The problem is to show that if I have $T: (X, \mu) \rightarrow (X, \mu)$ that preserves $\mu$ and is ergodic then the number of preimages of a point is well-defined and is constant $\mu$-ae.
I thought to consider the family of sets $E_n = \{y \in X: \#T^{-1}(y) = n\}$. This family is disjoint and her union is X. If I could prove that $T^{-1}(E_n) = E_n$ for all $n \geq 0$, then, using the ergodicity, I know that $\mu(E_n) = 0$ or $1$, but I couldn't prove that.
Any suggestions?
Maybe, my way is incorrect.
Besides, I need to show that if the number of preimages is greater than $1$, then, entropy is positive.
It's not true. Consider a space $X$ consisting of three points $0,1,2$ with $$ T(0) = 1,\ T(1) = 2, \ T(2) = 1 $$ $$ \mu(\{0\}) = 0, \ \mu(\{1\}) = \mu(\{2\}) = 1/2 $$ The transformation $T$ is measure-preserving and ergodic (in fact the only $T$-invariant sets are $\emptyset$ and $X$). But the number of preimages is $2$ for the point $1$ and $1$ for the point $2$, so $\mu(E_1) = \mu(E_2) = 1/2$.

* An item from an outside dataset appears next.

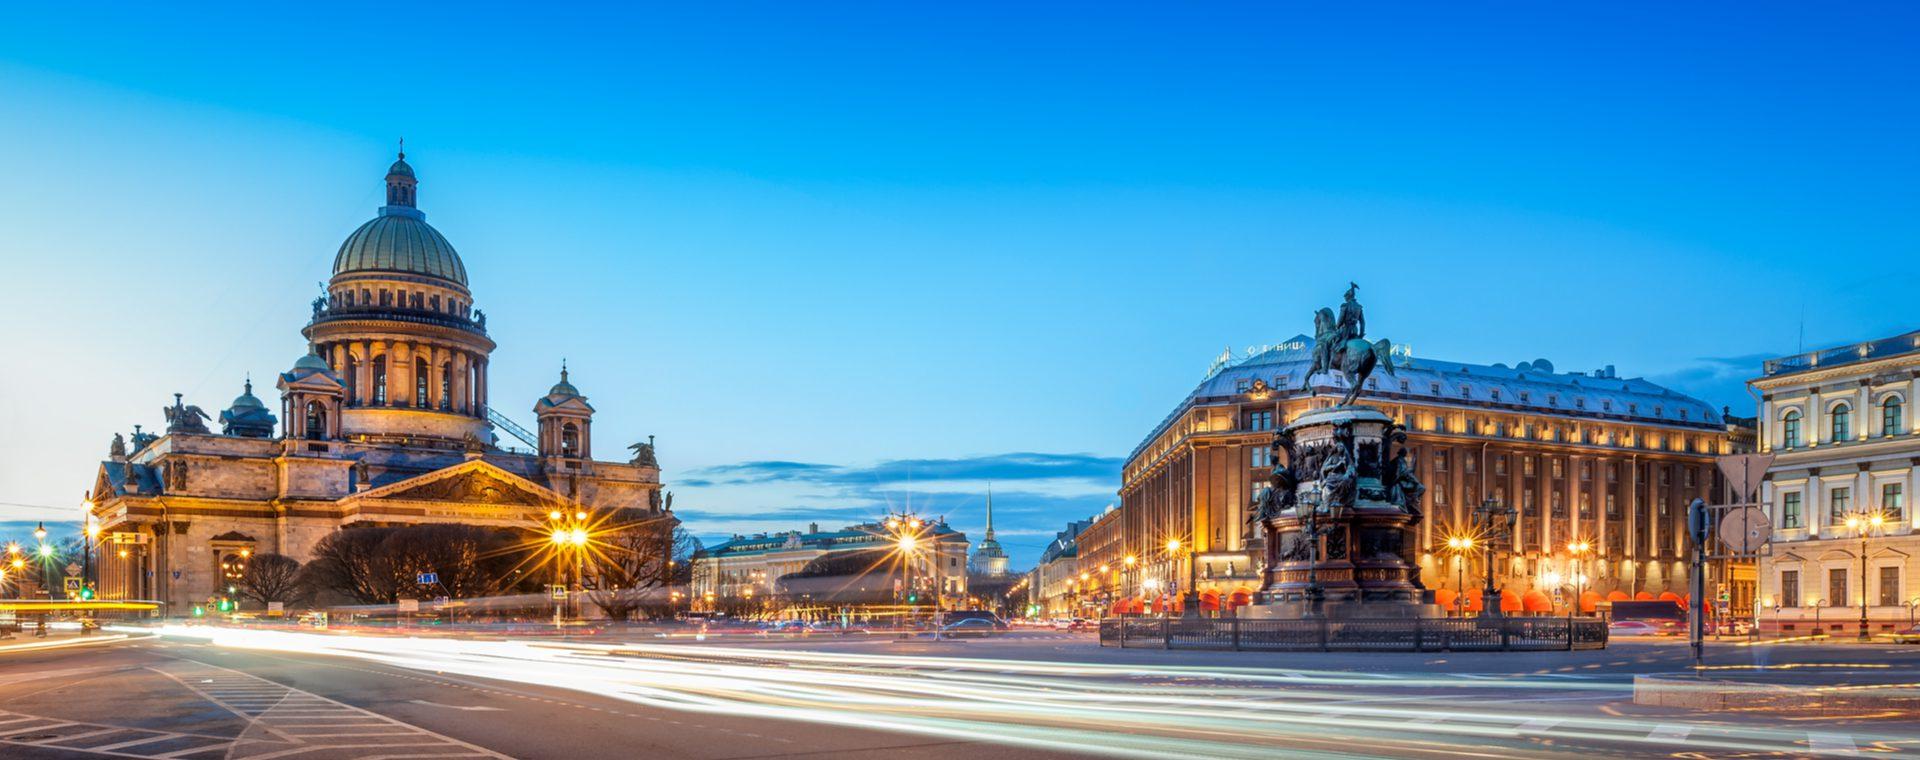 Annick op ontdekking in Sint-Petersburg

More generally, given any ergodic measure-preserving transformation $T$ on a probability measure space $(X, \Sigma, \mu)$ and $A \subset X$ with $0 < \mu(A) < 1$, we can modify this by taking an additional copy $\tilde{A}$ of $A$, have our new transformation $\tilde{T}$ map each $\tilde{a} \in \tilde{A}$ to the corresponding $a \in A$ and otherwise agree with $T$, and take the new measure $\tilde{\mu}$ to be $0$ on $\tilde{A}$ and the same as $\mu$ on $X$. Then $\tilde{T}$ is ergodic for $\tilde{\mu}$, and each member of $A$ has one more pre-image under $\tilde{T}$ than it had under $A$, but each member of $X \backslash A$ has the same number of pre-images as it had before.